▶ How to complete this task: Retype nothing but the lines from the start of the material up to and including the line with "Graffitti artist at". Pictures don't belong in the copy.

▶ Recorded information:
- - -

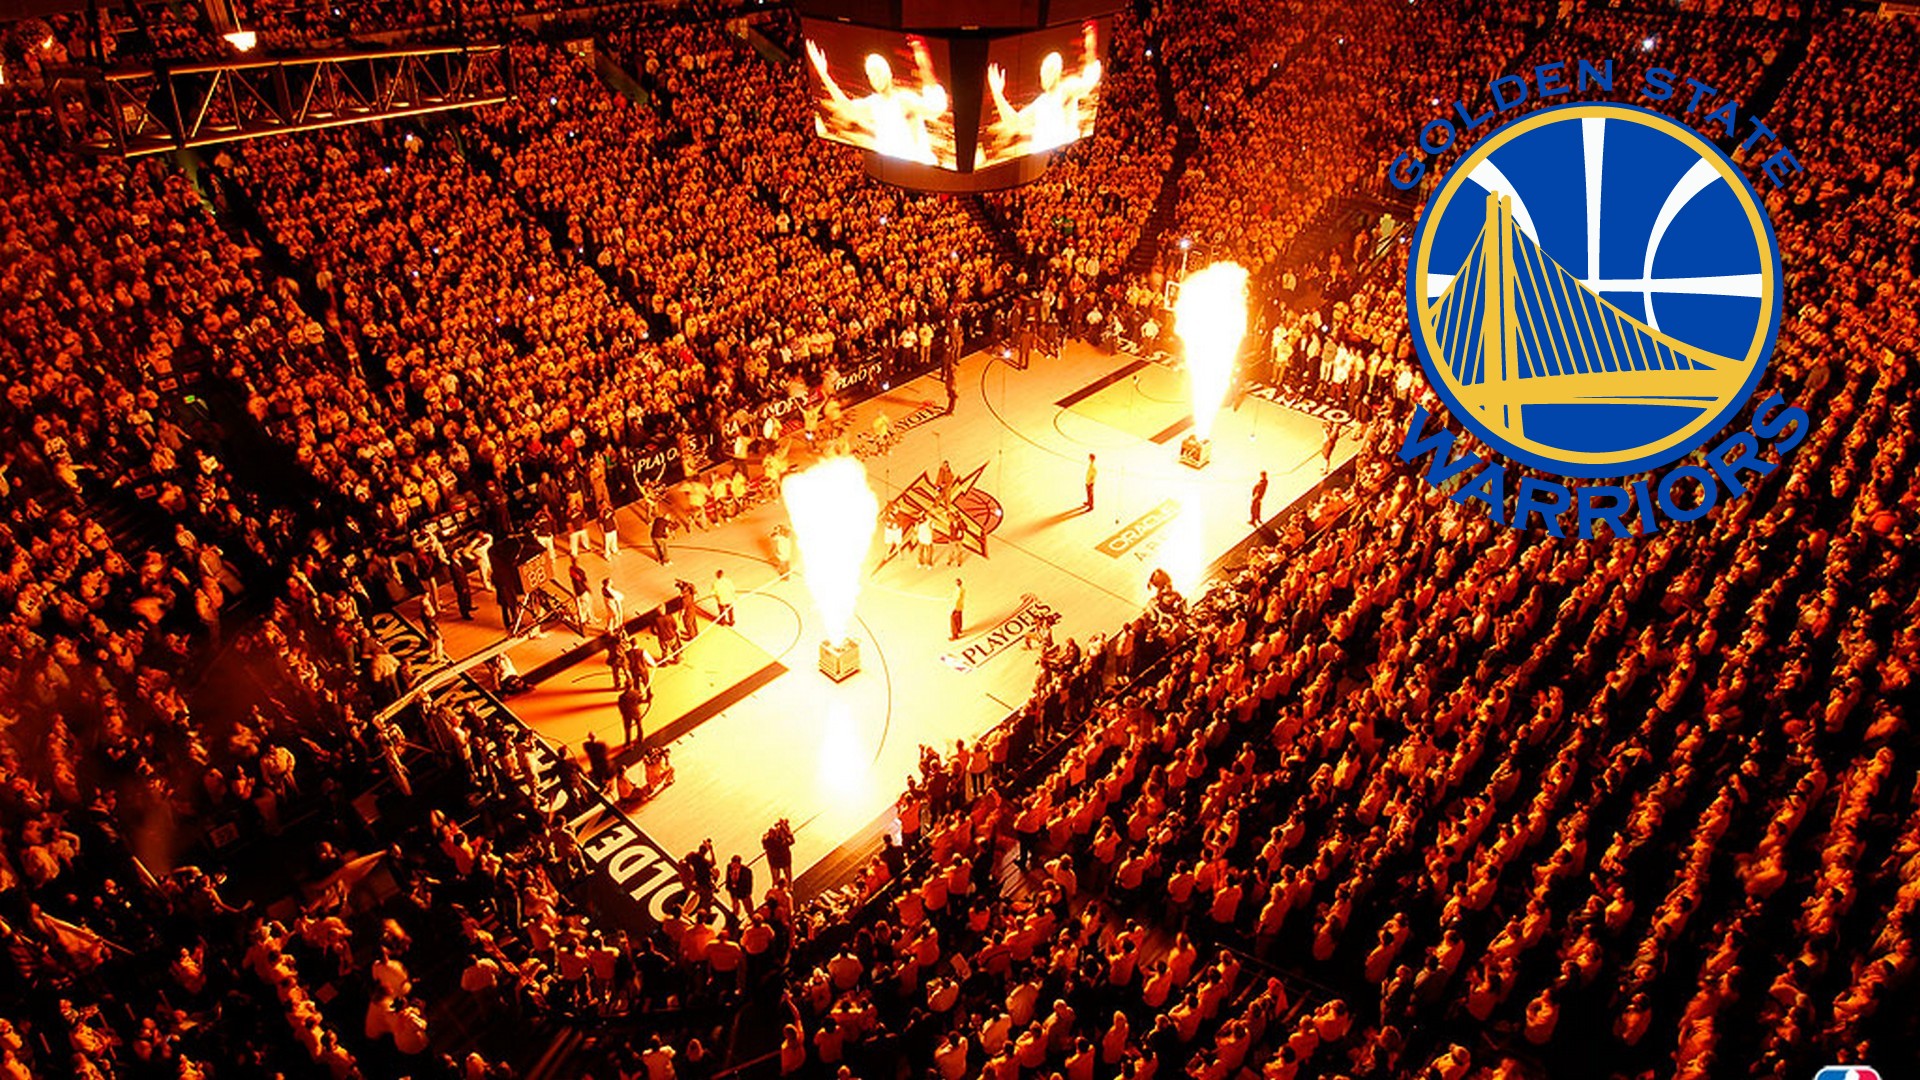 Golden State Warriors NBA Backgrounds HD with image dimensions 1920X1080 pixel. You can make this wallpaper for your Desktop Computer Backgrounds, Windows or Mac Screensavers, iPhone Lock screen, Tablet or Android and another Mobile Phone device
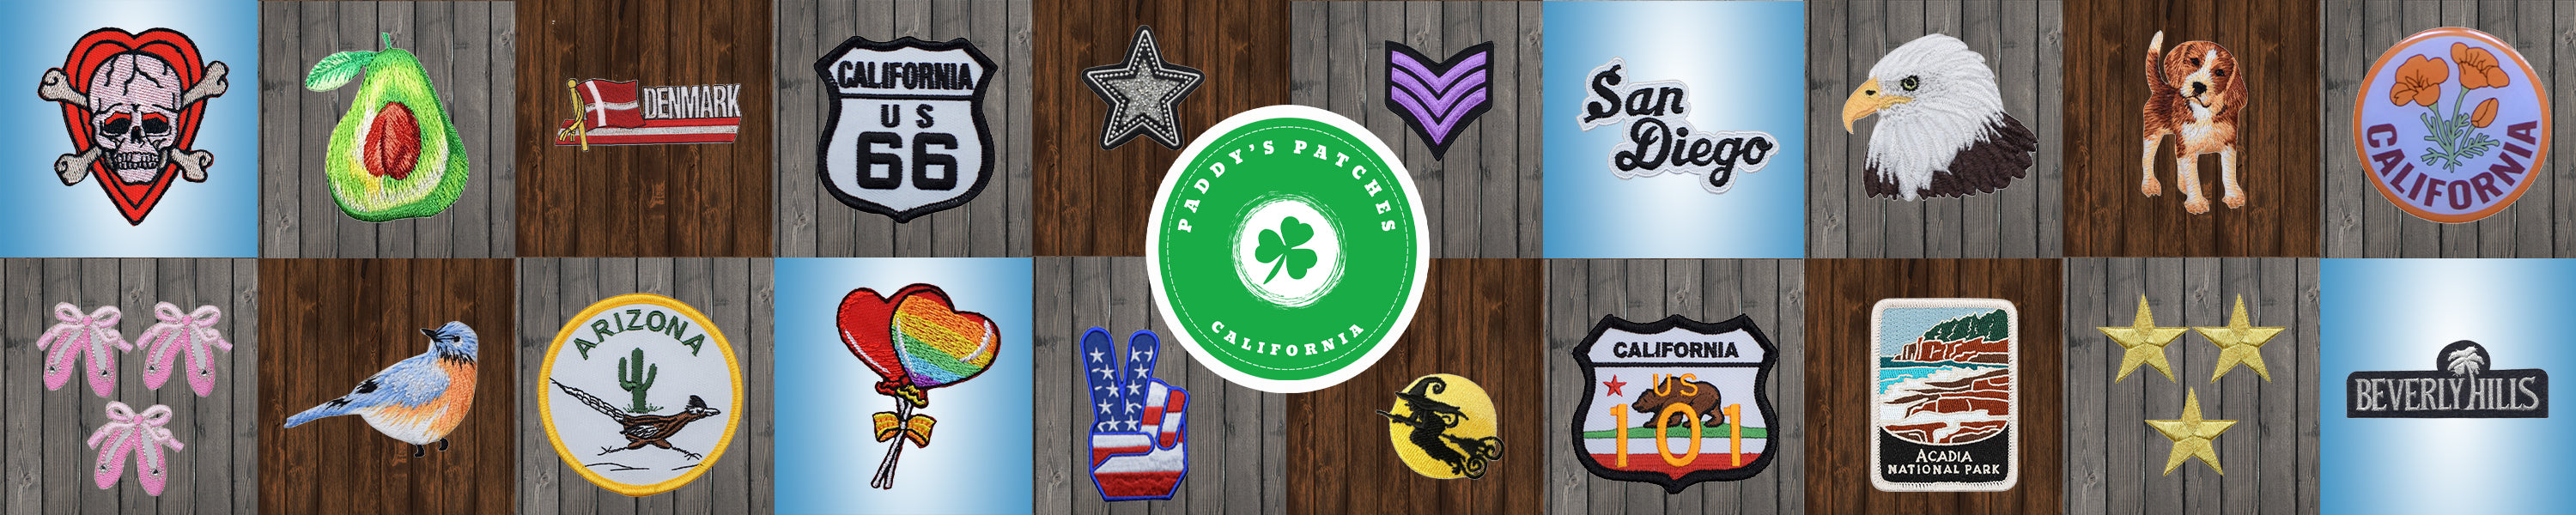 Paddy's Patches Homepage Patch Collage Banner2
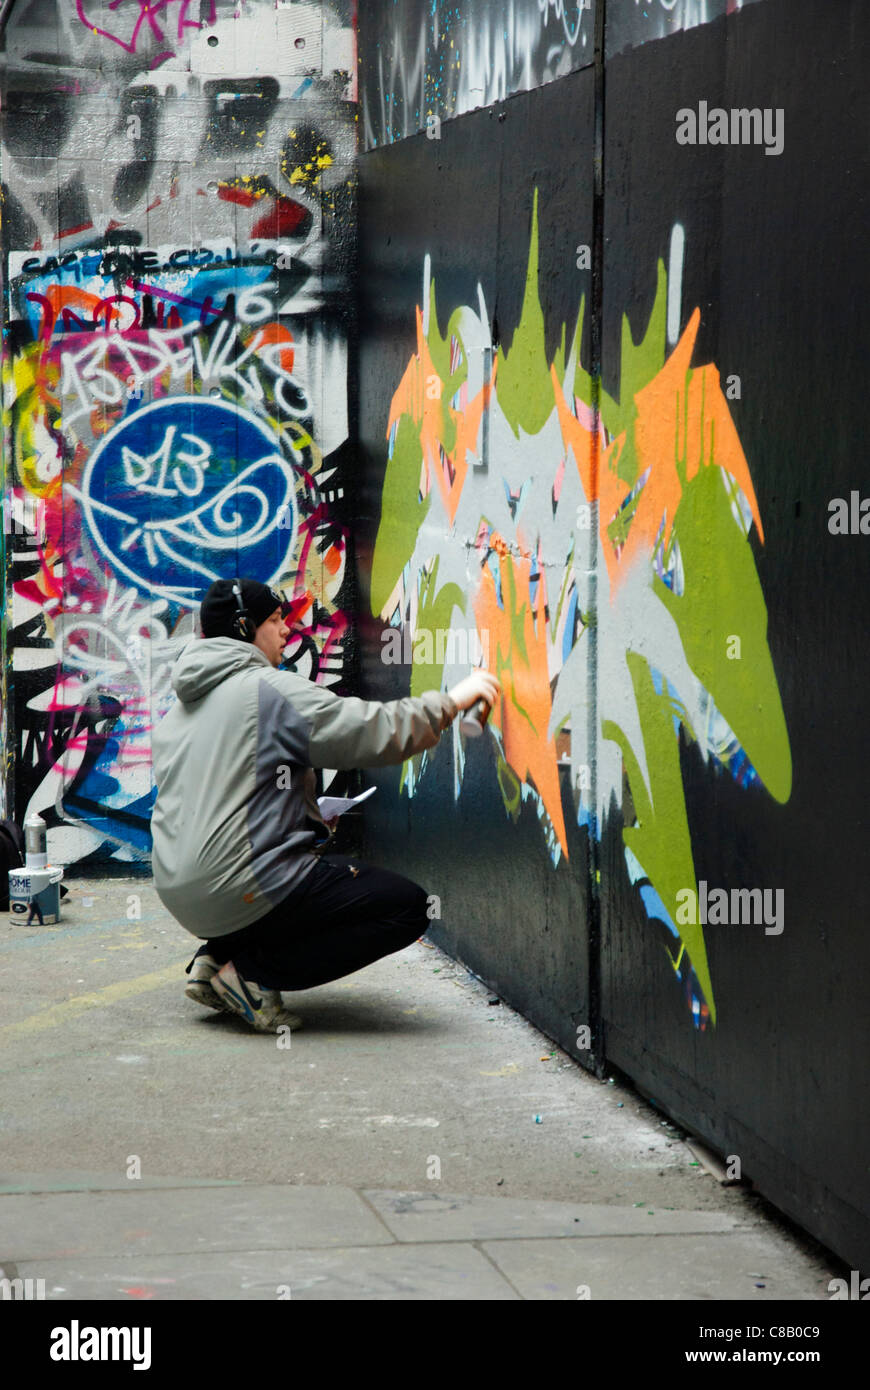 Graffitti artist at work on South Bank, London wearing a pair of headphones Stock Photo
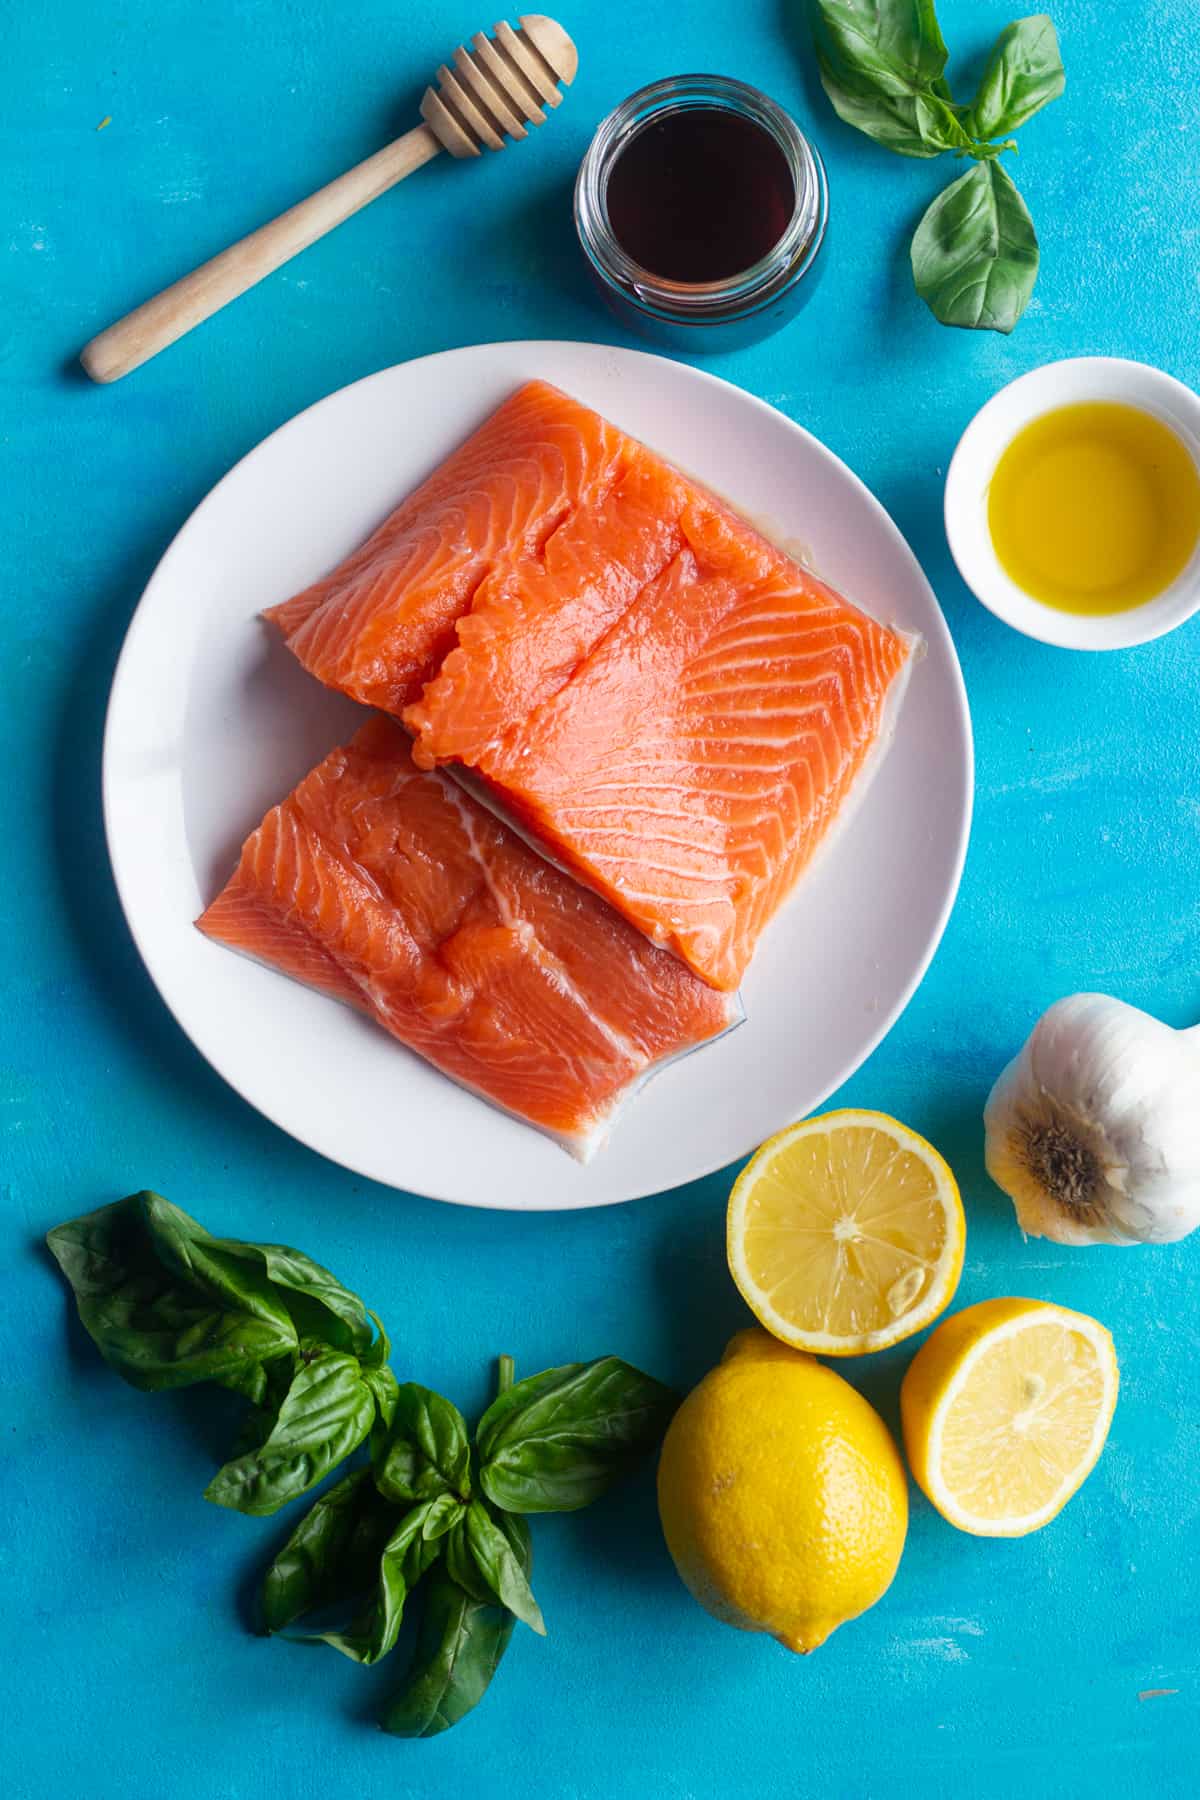 the ingredients to make baked salmon in foil are salmon, honey, garlic, lemon juice, olive oil and basil.

- - -

▶ Result:
 Golden State Warriors NBA Backgrounds HD with image dimensions 1920X1080 pixel. You can make this wallpaper for your Desktop Computer Backgrounds, Windows or Mac Screensavers, iPhone Lock screen, Tablet or Android and another Mobile Phone device
 Paddy's Patches Homepage Patch Collage Banner2
 Graffitti artist at work on South Bank, London wearing a pair of headphones Stock Photo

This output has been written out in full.